Fisk thinks she knows why failing grades decreased among the target group. “Students who have not succeeded in the past have more confidence in solving problems and in their mathematical abilities,” she explains. “The outcome is that they participate more and enjoy math more. Clickers provide a safe environment where all students are put on a level playing field and have the confidence to share their strategies for solving problems.”

Results like these were enough proof for Boulder-based Impact on Education, an independent, nonprofit group that originally funded the clicker pilot, to award the design team a three-year extension and approximately $113,000 to implement clickers in middle-level math and science classrooms. With the extension, the district hopes that the clickers will produce similar results in 10 other middle schools, with 30 additional teachers and about 3,000 more students.

A Bright Future

With solid results and a new focus on math and science, the clicker project fits neatly into the long-term vision of Impact on Education. But the group must work with local companies to secure funding. “We can only fund projects if we can convince the community to provide the money to support them,” says CEO Francie Anhut.

To ensure continued funding, BVSD is bolstering its implementation plan with improvements to the professional development plan, further development of the Online Learning Center and tighter accountability metrics.

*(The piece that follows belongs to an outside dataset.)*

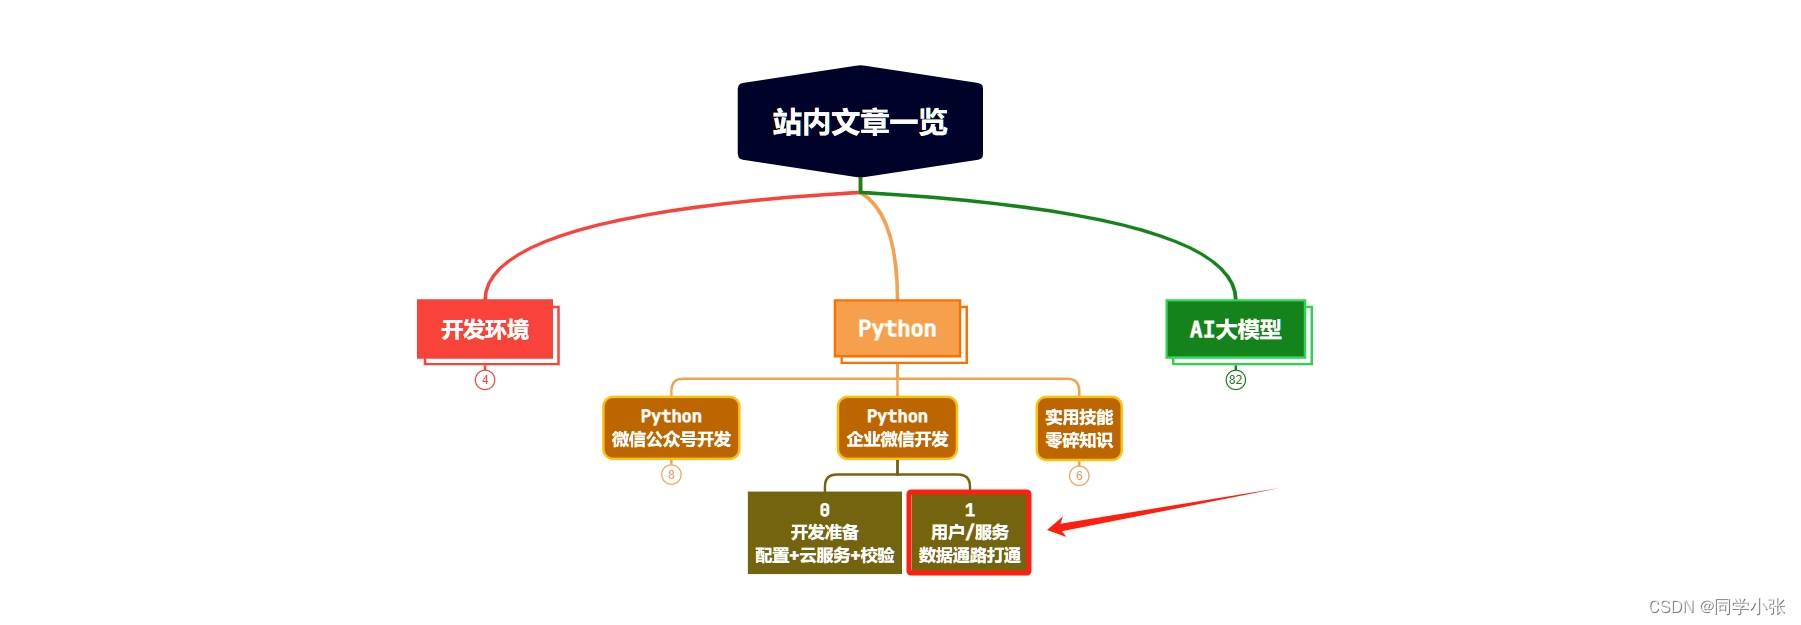 【Python+微信】【企业微信开发入坑指北】1. 数据链路打通：接收用户消息处理并回复
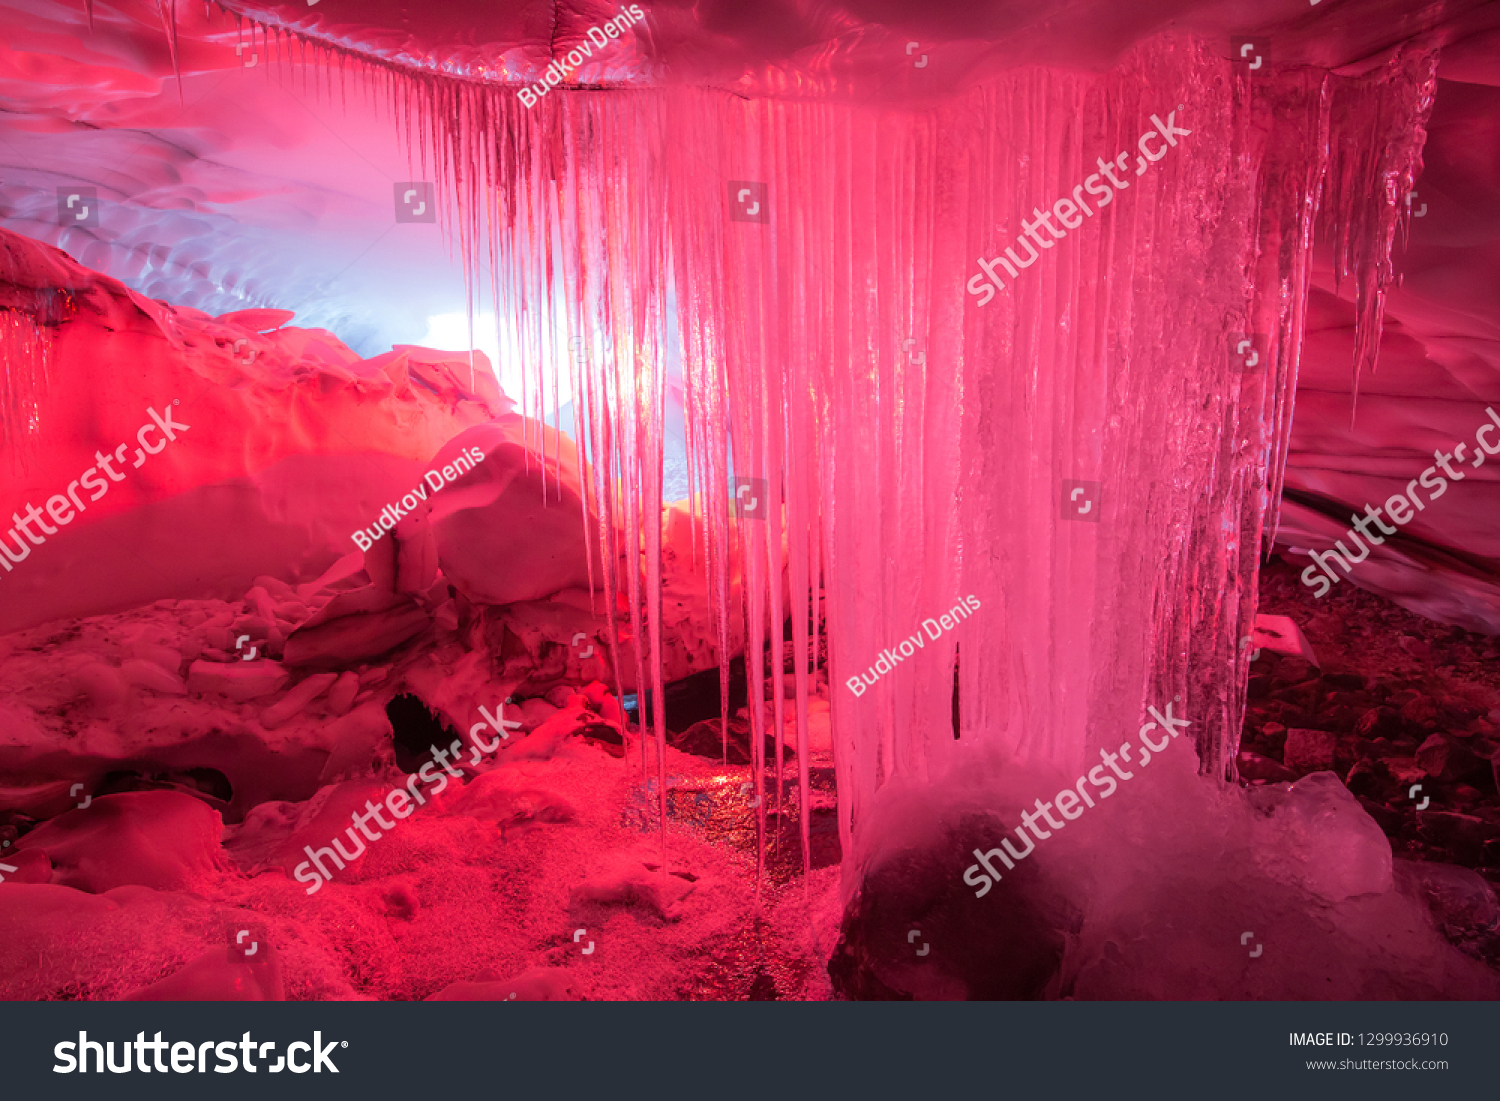 kamchatka cave

A level-three workshop was added to the 2005-2006 schedule to train teachers in advanced uses of clickers by sharing proven strategies.

In addition, plans are under way to create a question bank database in the OLC that teachers can search and pull from when looking for questions. Finally, accountability measures are being improved by including other results-oriented metrics, such as homework-completion percentages and impact on motivation and attitude.

The future of the clickers in Boulder looks favorable if teachers can continue to show a strong correlation between clickers and learning increases in math and science. “We want to see more kids get interested in science and math and do better in those subjects as a result,” says Anhut. “If clickers will help improve student learning, we’re excited.”

Michael Matassa is a K-5 math specialist for Colorado’s Boulder Valley School District.